Exercise
The expected result is an exact copy of the lines from the one holding "Akame ga Kill Episode 24 Storyboard Leak 180" to the last line of the material, with pictures removed and nothing added.

Supplied material
++++++

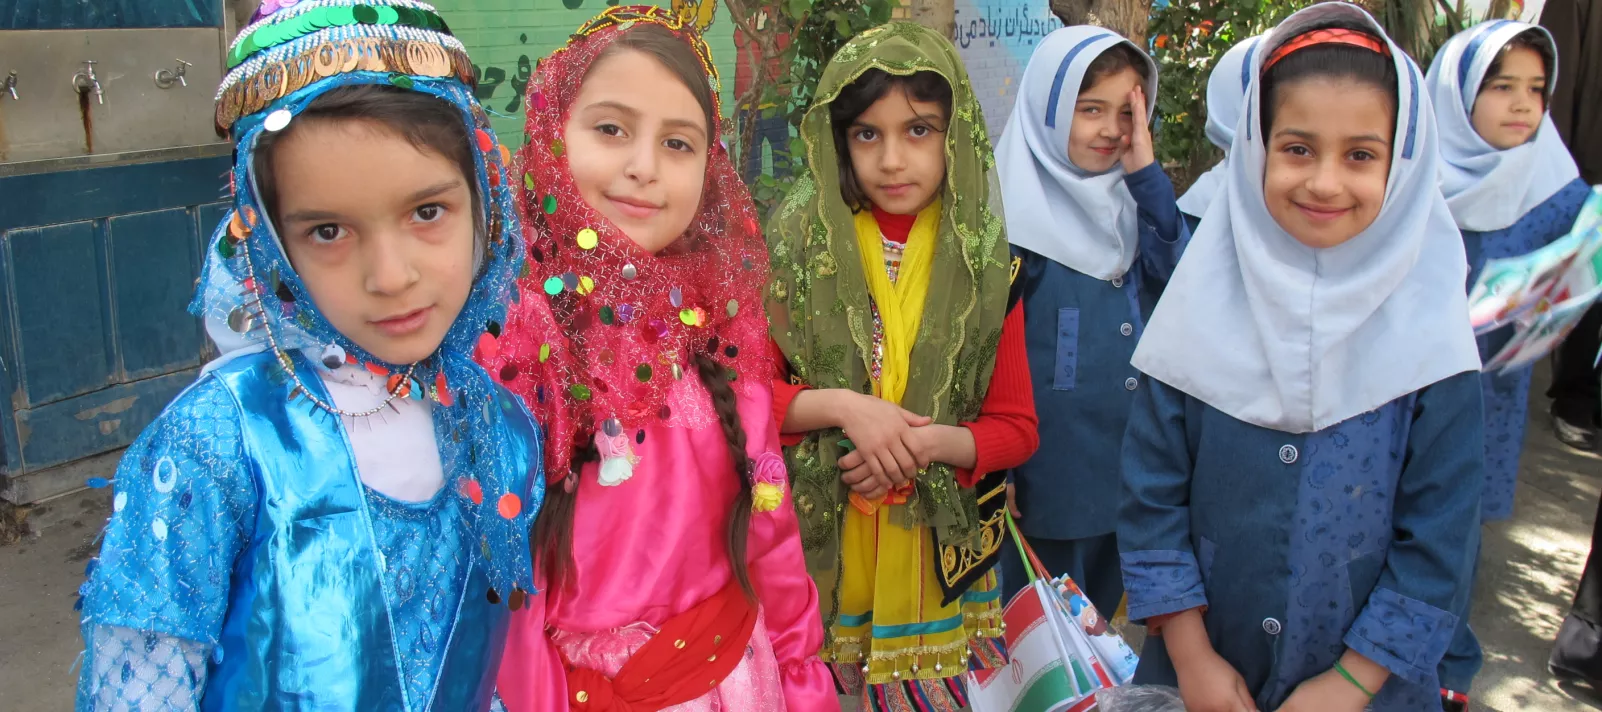 education for children in iran
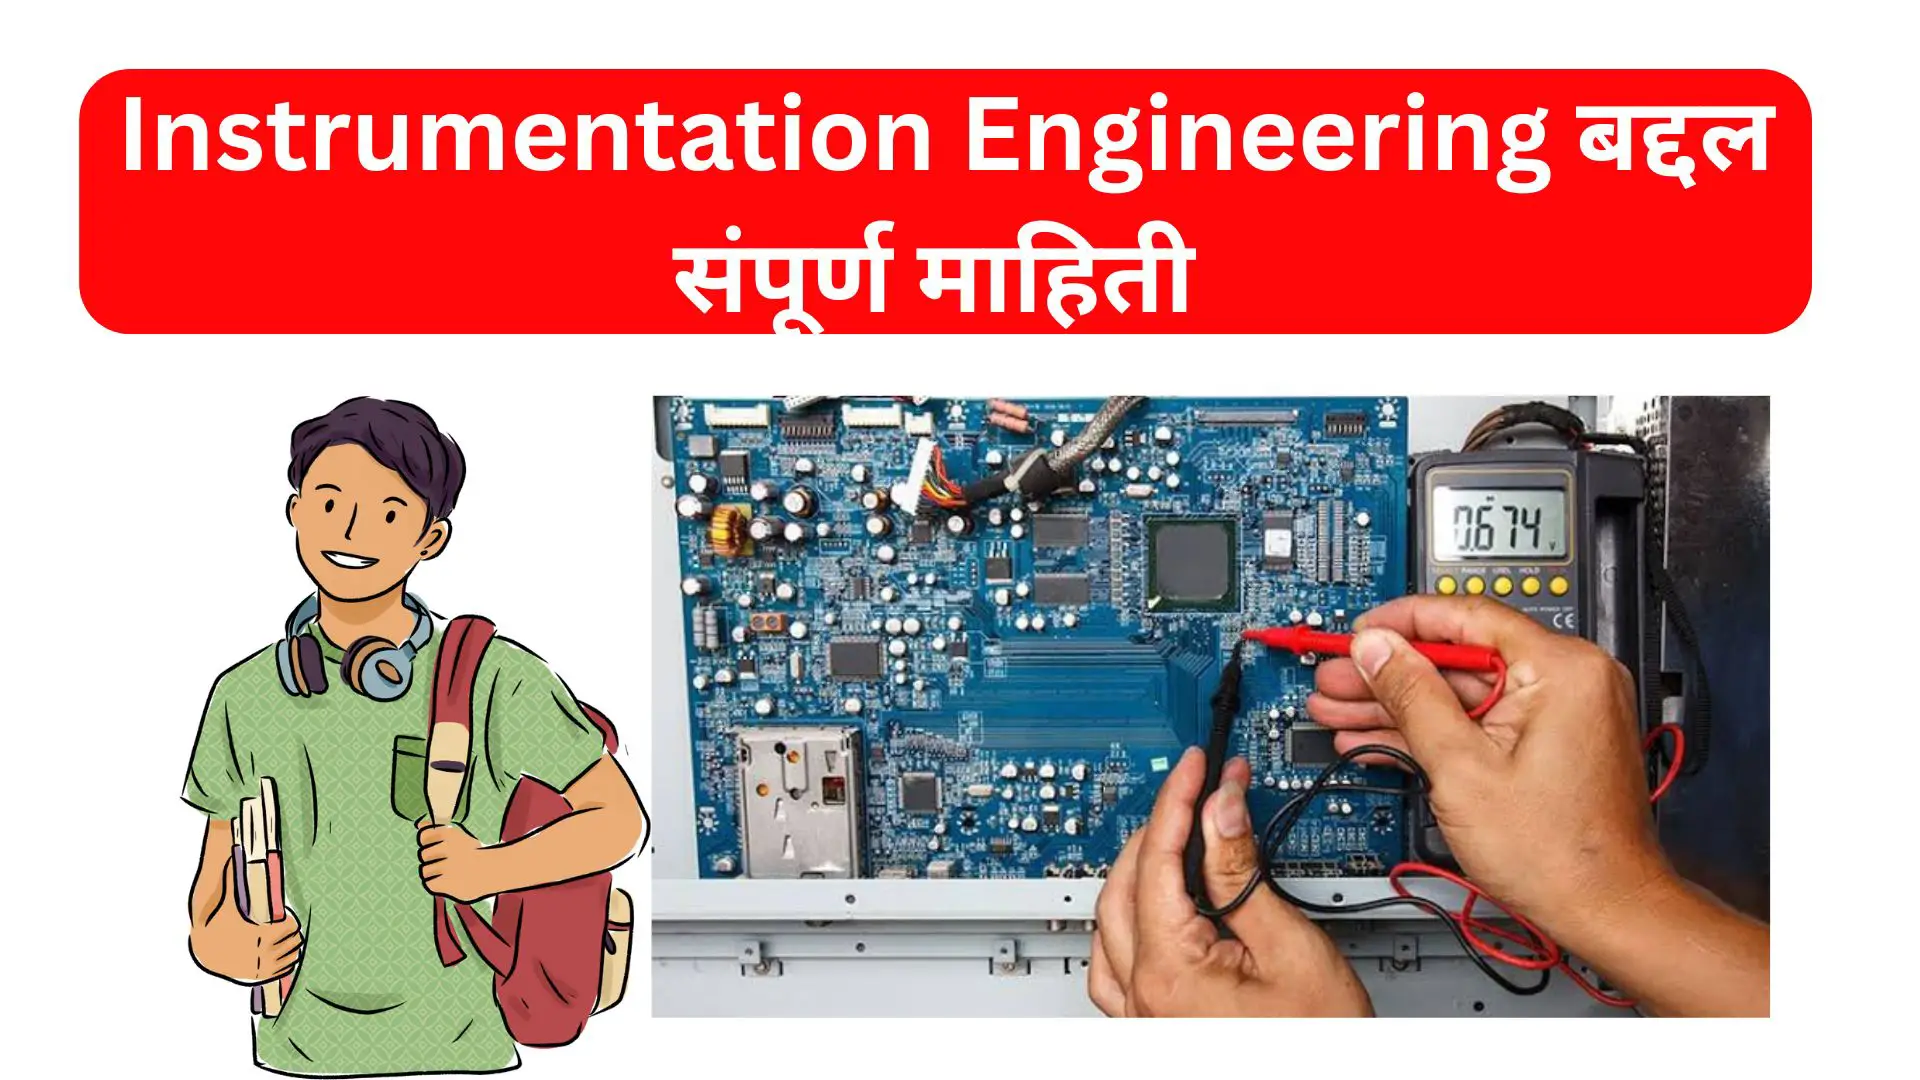 Instrumentation Engineering In Marathi, Career, Salary, Colleges, Qualification In Marathi
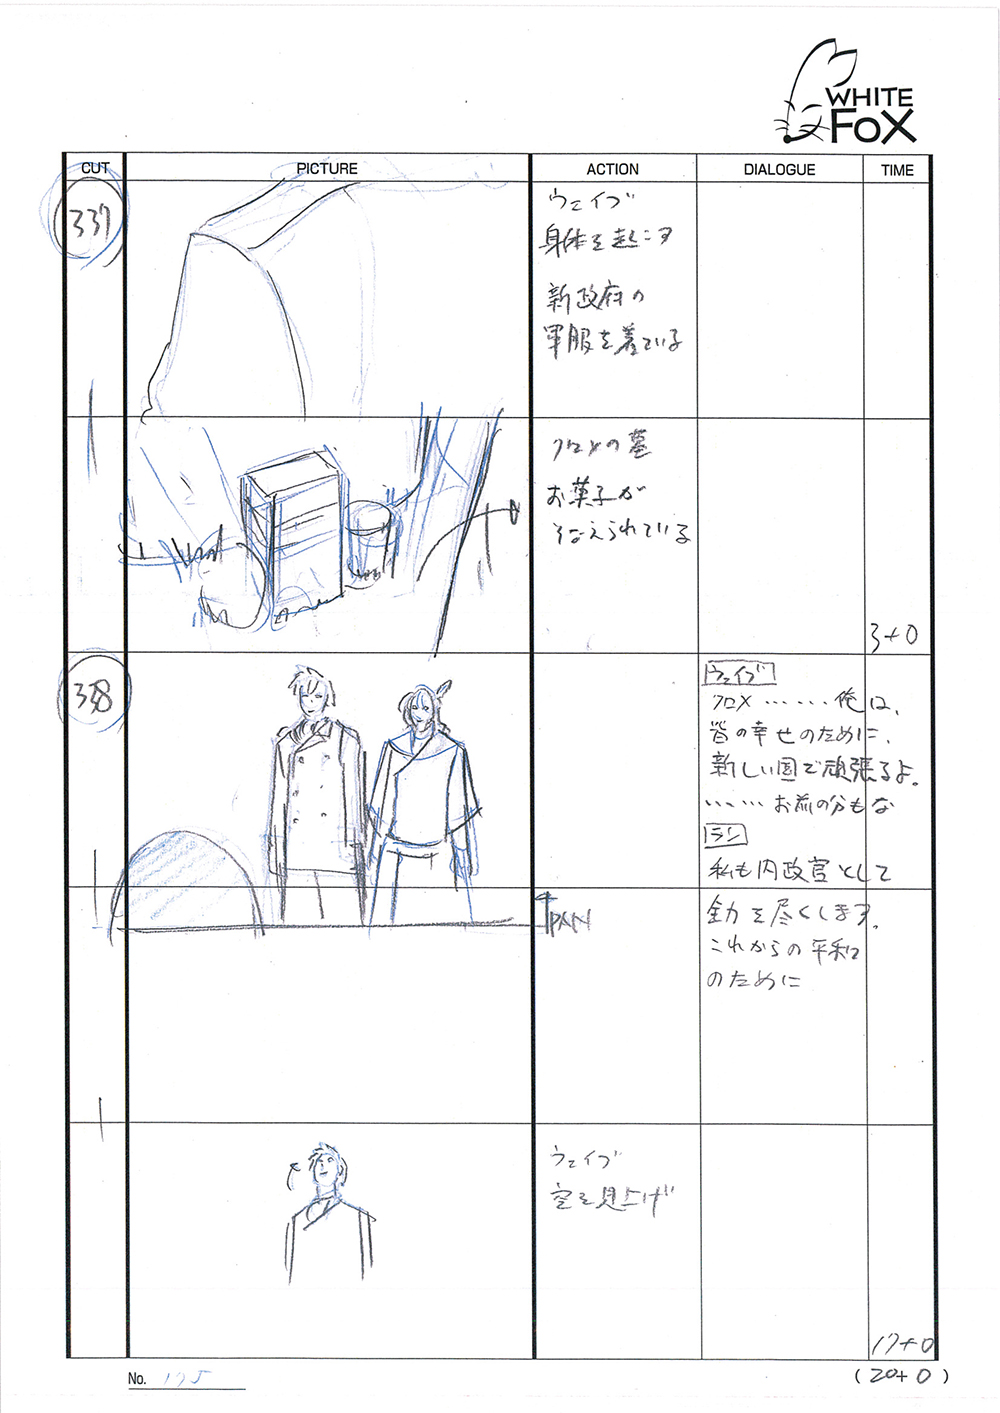 Akame ga Kill Episode 24 Storyboard Leak 180
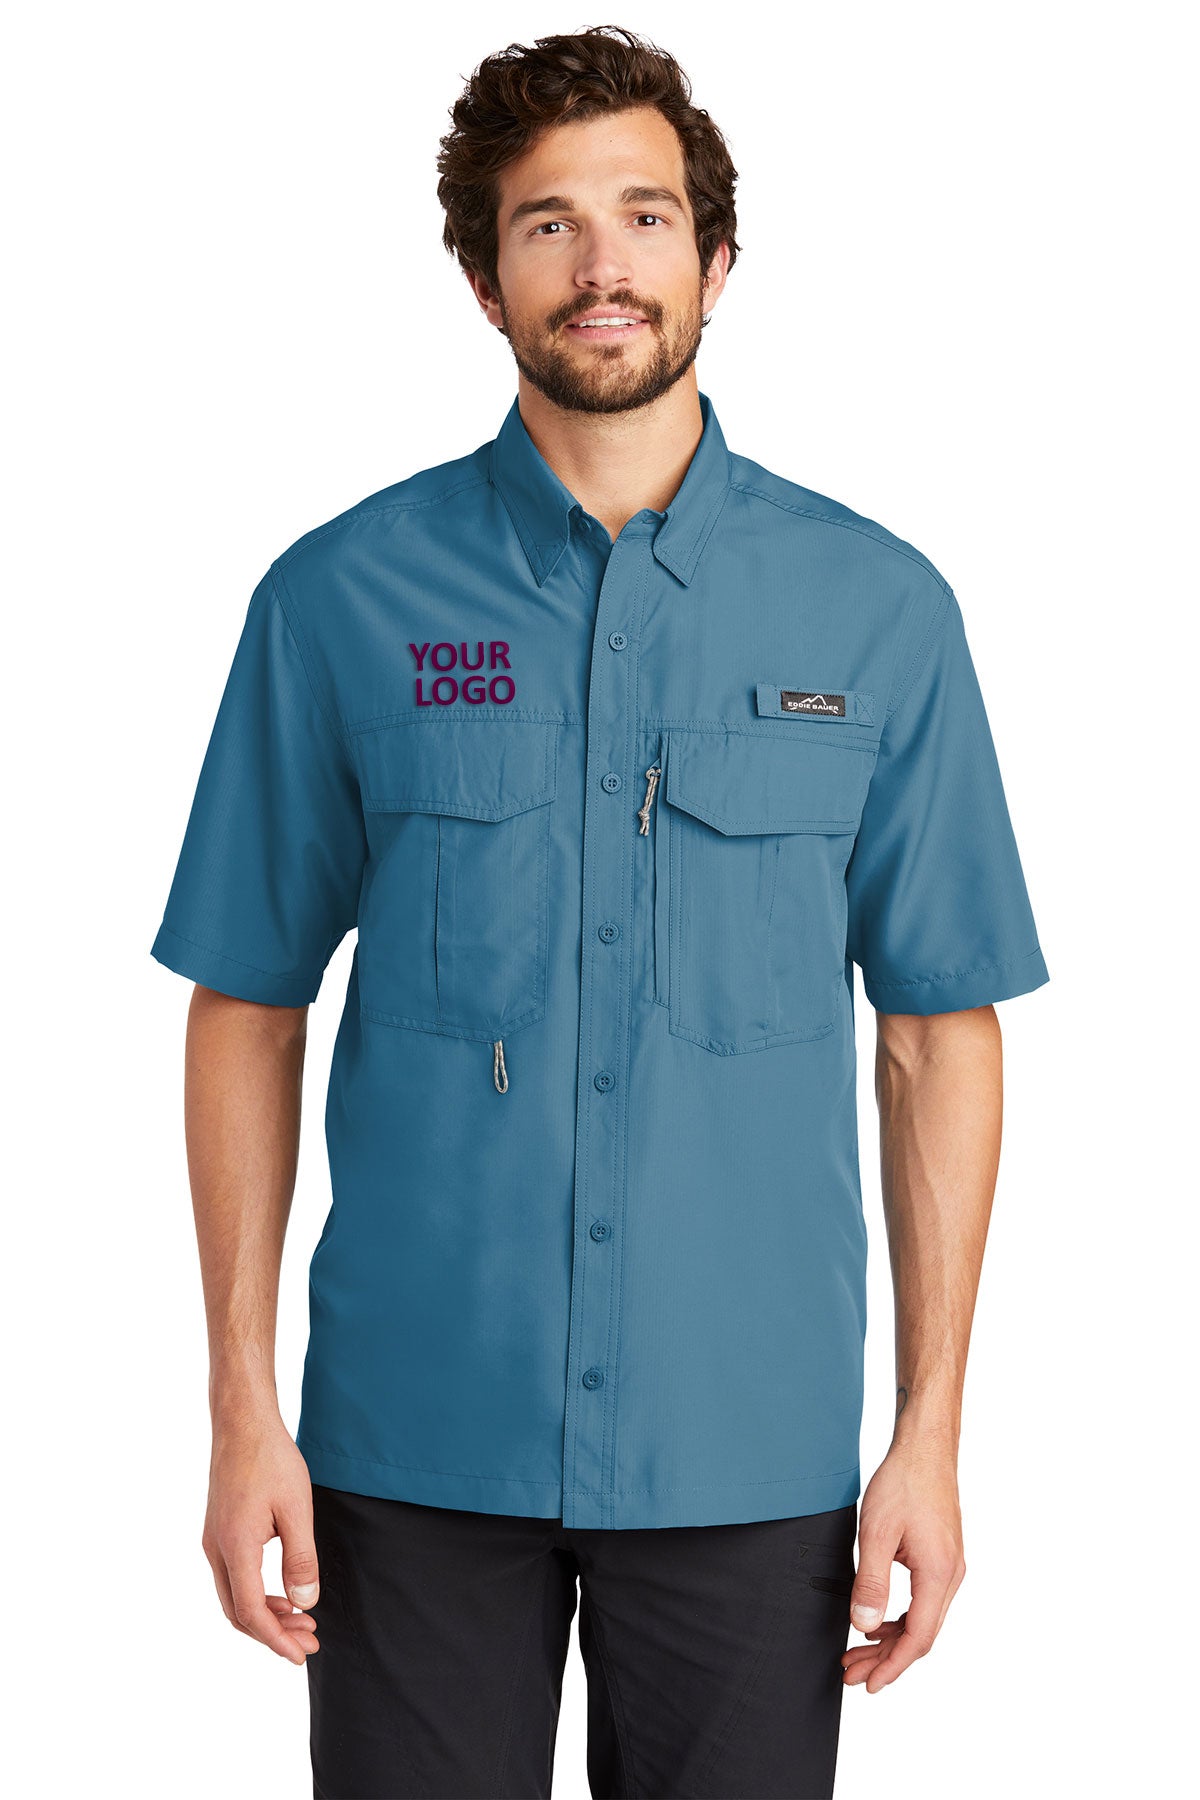 Branded Eddie Bauer Short Sleeve Fishing Shirt Gulf Teal

++++++

Result of this task
 Akame ga Kill Episode 24 Storyboard Leak 180
 Branded Eddie Bauer Short Sleeve Fishing Shirt Gulf Teal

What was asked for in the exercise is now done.